3D Hydrodynamic Simulations of the Galactic Supernova Remnant CTB 109

TL;DR

This paper uses 3D hydrodynamic simulations with observational data to model the morphology, age, and internal bright X-ray feature of the supernova remnant CTB 109, demonstrating a new approach for studying diffuse young objects.

Contribution

It introduces a novel method of detailed numerical simulations of supernova remnants using realistic initial conditions derived directly from observations.

Findings

Simulations reproduce the morphology and size of CTB 109.

The bright X-ray feature is likely caused by a dense cloud shocked by the SN.

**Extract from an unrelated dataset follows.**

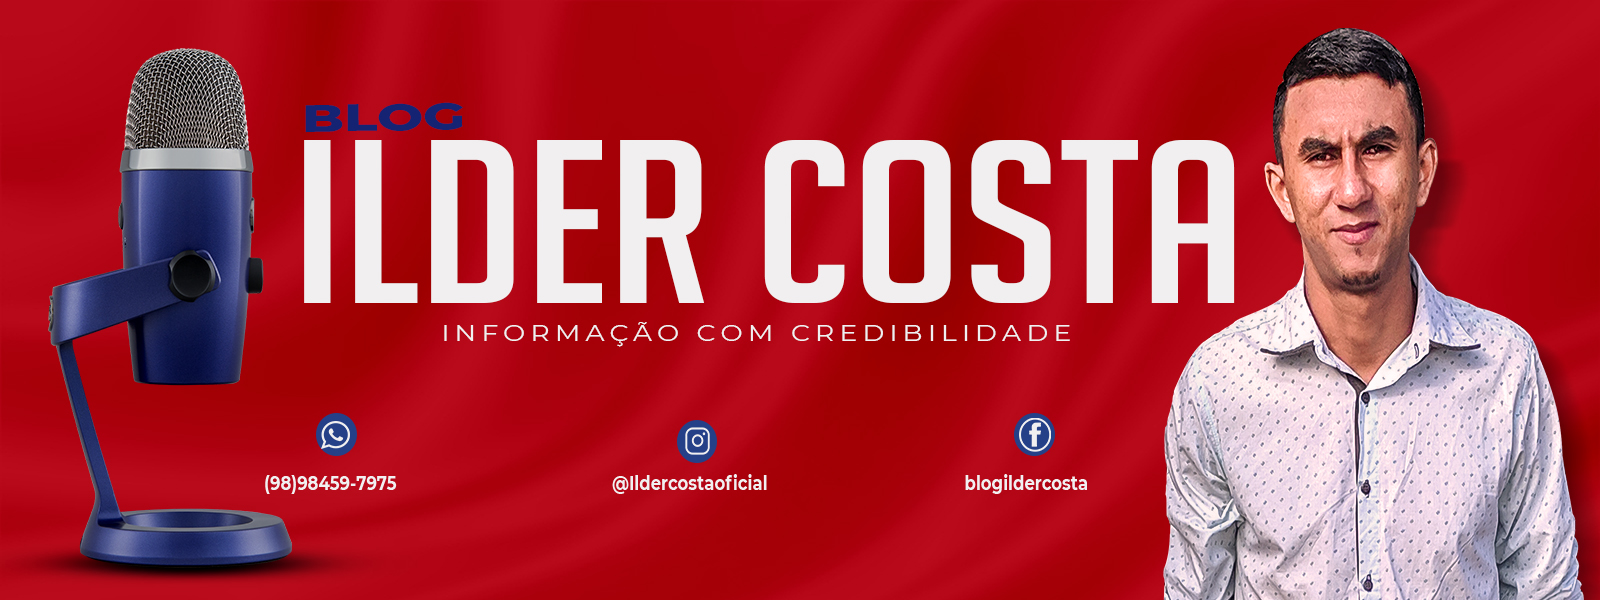 Blog Ilder Costa

Estimated age of the remnant is about 11,000 years.

Abstract

Using detailed 3D hydrodynamic simulations we study the nature of the Galactic supernova remnant (SNR) CTB 109 (G109.1-1.0), which is well-known for its semicircular shape and a bright diffuse X-ray emission feature inside the SNR. Our model has been designed to explain the observed morphology, with a special emphasis on the bright emission feature inside the SNR. Moreover, we determine the age of the remnant and compare our findings with X-ray observations. With CTB 109 we test a new method of detailed numerical simulations of diffuse young objects, using realistic initial conditions derived directly from observations. We performed numerical 3D simulations with the RAMSES code. The initial density structure has been directly taken from $^{12}$CO emission data, adding an additional dense cloud, which, when it is shocked, causes the bright emission feature. From parameter studies we obtained the position $(\ell , b)=(109.1545^\circ , -1.0078^\circ)$ for an elliptical cloud with $n_\text{cloud}=25~\text{cm}^{-3}$ based on the preshock density from Chandra data and a maximum diameter of 4.54 pc, whose encounter with the supernova (SN) shock wave generates the bright X-ray emission inside the SNR. The calculated age of the remnant is about 11,000 yr according to our simulations. In addition, we can also determine the most probable site of the SN explosion. Hydrodynamic simulations can reproduce the morphology and the observed size of the SNR CTB 109 remarkably well. Moreover, the simulations show that it is very plausible that the bright X-ray emission inside the SNR is the result of an elliptical dense cloud shocked by the SN explosion wave. We show that numerical simulations using observational data for an initial model can produce meaningful results.